Every Turn of the Wheel
You come and go. The doors swing closed
Ever more gently almost without a shudder.
Of all who move through the quiet houses,
You are the quietest.
We become so accustomed to you,
We no longer look up
When your shadow falls over the book we are reading
And makes it glow. For all things
Sing you: at times
We just hear them more clearly.
Often when I imagine you
Your wholeness cascades into many shapes.
You run like a herd of luminous deer
And I am dark, I am forest.
You are a wheel, at which I stand,
Whose dark spokes sometimes catch me up,
Revolve me nearer to the center.
Then all the work I put my hand to
Widens from turn to turn.
Rainer Maria Rilke one of the great poets of the 20th century certainly displays a quality in all of his work that asks me to follow something within me. It is that deep inner knowing place where all questions are dressed in answers. It is the place where everything exists and nothing is wasted. It is the Mecca of truth and the garden of unity. It moves as I move and at times the door swings closed and I try to pry it open and do, but find it has changed in awareness. I no longer look up, I look within.
As I experience this entrance and exit within my self I try to find the latch that will keep this beautiful place of knowledge open, but I find that my body consciousness keeps me in another state of reality. I see the shadows, created by my thoughts and watch as they become material objects which are my own manifestations. Quietly I watch a herd of luminous realities run through the inner forest of my consciousness.
I have re-programmed my self to ignore my inner self and exist in a body that is born from that consciousness. My education taught me to be sane, but I act insane by performing the same acts over and over again and then I expect different results. I am caught in the spokes of a self who only senses the separation that I create by turning the wheel of not feeling good enough to love my inner self. My body consciousness creates an illusion that keeps the door of knowing half open, but every now and then I see between the cracks and I begin to expand.
This chosen duality issue turns me closer to my center.

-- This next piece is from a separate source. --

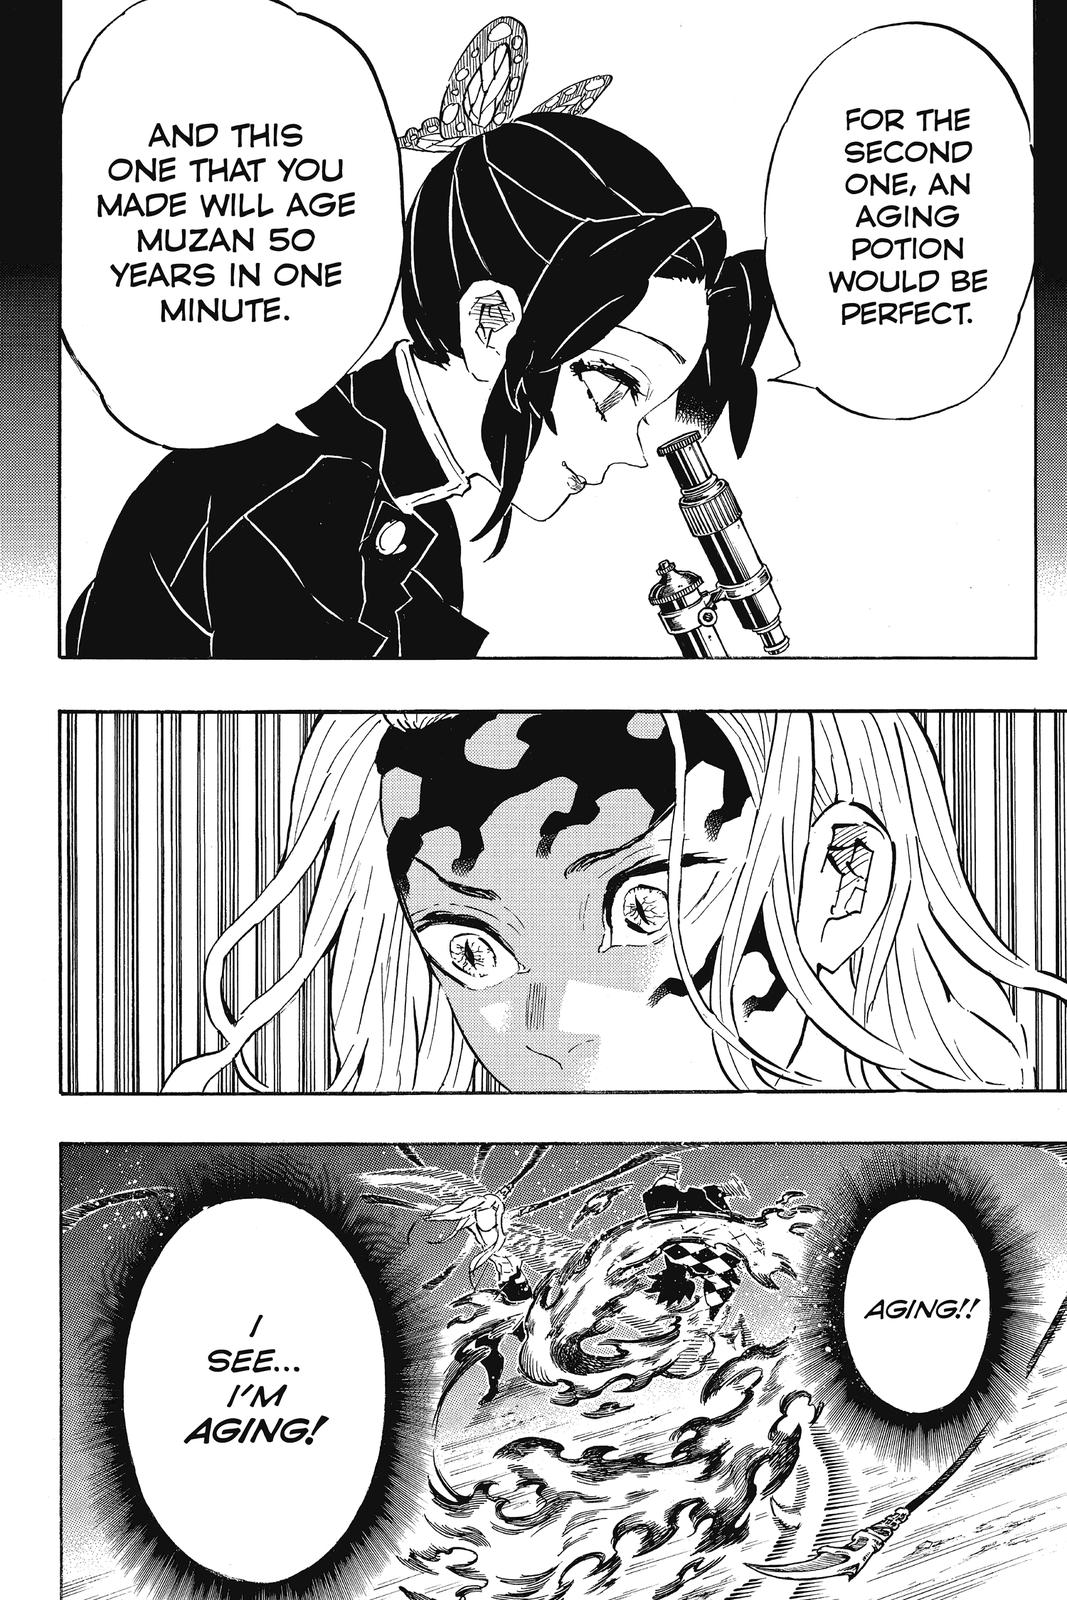 Demon Slayer Manga Manga Chapter - 193 - image 13

My body consciousness is doing what my inner consciousness has already experienced. The rigors of physical life turn me towards my center and my awareness increases with every turn. I say I am human and know that I am more, but I don't hear my other selves clearly and I become a separated thought in a puddle of my own rain. The thought, the puddle and the rain are all one; my beliefs about my multiplicity keep me from turning in a circular motion, I do it linearly using just one aspect of my self which is a choice.
Rumi understood his multiplicity in the 13th century, which confirms that awareness is not only linear and restricted by my selectivity; it is expression of my inner consciousness. My formlessness is expressed through my physical form and I choice to accept it or resist it by my restricting beliefs about my own complexity of being. Wholeness cascades into many shapes.
As Rumi points out:
You Embrace some Form
Saying "I am this."
By God, you are not this
Or that or the other
You are "Unique One"
Heart-ravishing"
You are throne and palace and king
You are bird and snare and fowler
Like water in a jar and river
Are in essence the same
You and spirit are the same
Your every idol
Prostrates
Before you
Your every thought-form
Perishes
In your formlessness
So there it is, in 13th thought. The door to the place where everything exists is always open; I partially close it by my beliefs and perceptions. When I believe I am the door and what's on the other side, I expand in awareness and I sense the expressions of other forms of my own consciousness. Every turn of the wheel is another self changing and expanding in unrestricted awareness. I perish in my own formlessness and know I am multiplicity in a chosen form that comes and goes through the quiet house of All There Is.